Dyes introduced into liquids and tracers introduced
into gases can also indicate leakage. Weld defects
that cause leakage are not always detected by the
usual nondestructive testing methods. A tight crack
or fissure may not appear on a radiograph, yet will
form a leak path. A production operation, such as
forming or a proof test, may make leaks develop in
an otherwise acceptable weld joint. A leak test is
usually done on the completed vessel if all of the
weld joints can be inspected; at this stage there will
be no more fabricating operations after the inspection. Inspection is easier if the vessel is empty, The
most common types of leak testing are discussed
a. The pressure-rise test method is used to see
whether any leaks exist. In this test, the part being
inspected is attached to a vacuum pump and evacuated to a pressure of ().5 psi absolute. when this
pressure is reached, the connections to the vacuum
pump are sealed off, and the internal pressure of the
part is measured immediately. The pressure is measured again after at least 5 minutes (with the item
still sealed off from the vacuum pump). If the pressure in the evacuated space remains essentially constant, the welds are free of leaks. If there is a
pressure rise, at least one leak is present, and the
helium-leak test described in b below must be used,
b. The helium-leak test is more precise than the
pressure-rise method and is used to find the exact
location of these leaks. Helium-leak testing is slow,
however, so it normally is not used to inspect large
items unless a leak definitely exists. This inspection
method requires the use of a helium mass spectrometer to detect the presence of helium gas. The mass
spectrometer is connected to the pumping system
between the vacuum pump and the item being
inspected. Then the item is evacuated by a vacuum
pump to a pressure of less than 50 microns of mercury. The mass spectrometer can detect helium in

the evacuated space. A small jet of helium gas is
directed at the side of the weld joint exposed to the
atmosphere. If there is a leak, some of the helium is
sucked through it into the evacuated space, and the
mass spectrometer immediately indicates the presence of helium. Of course, if no leak is present, no
helium will enter the evacuated space and no indication will appear on the mass spectrometer. To determine the exact location of leaks, the jet of helium is
moved along the surface of the weld joint. At the
same time, an inspector carefully watches the mass
spectrometer. If there is an indication, the leak is at
the point where the helium jet is hitting the surface
of the weld joint.
c. To detect leaks, the ultrasonic translator detector uses the ultrasonic sounds of gas molecules
escaping from a vessel under pressure or vacuum.
The sound created is in the frequency range of
35,000 and 45,000 Hertz, which is above the range
of human hearing and is therefore classified as
ultrasonic. Certain characteristics of these frequencies are useful for detections. They are outside the
range of most plant and machine noise, and the short
wave length of these frequencies permits the use of
highly directional microphones. Any system or vessel that can be pressurized or evacuated to a pressure of 3 psi can be inspected. The operator simply
listens to the translated ultrasonic sounds while
moving a hand-held probe along the weld (in the
same way that a flashlight. is used to illuminate the
suspected leak locations). The detectors are simple
to operate and require minimum operator training.
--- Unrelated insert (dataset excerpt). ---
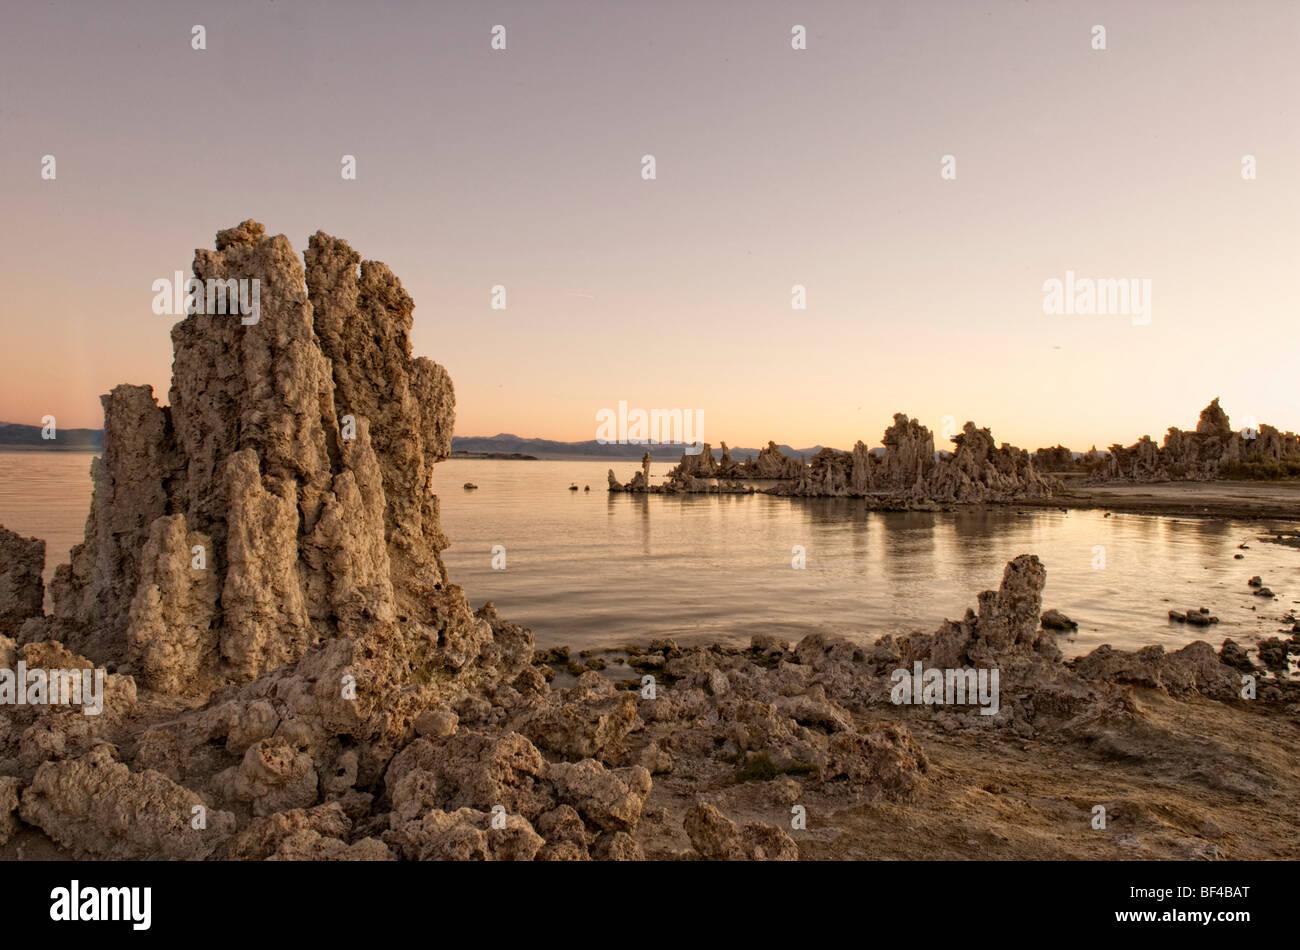 Sunrise at South Tufa, Mono Lake, Lee Vining, California, USA - Stock Image

d. Some of the following tests — particularly the
air-soap solution test — can be conducted on a vessel during or after assembly. The inspector can
locate large defects in order to reduce the time
needed for final leak testing. After testing, vessels
should be thoroughly cleaned to remove all traces of
soap solution.
(1) Hydrostatic test. This test should conform to
the applicable requirements of a particular vessel or
system. only distilled or deionized (demineralized)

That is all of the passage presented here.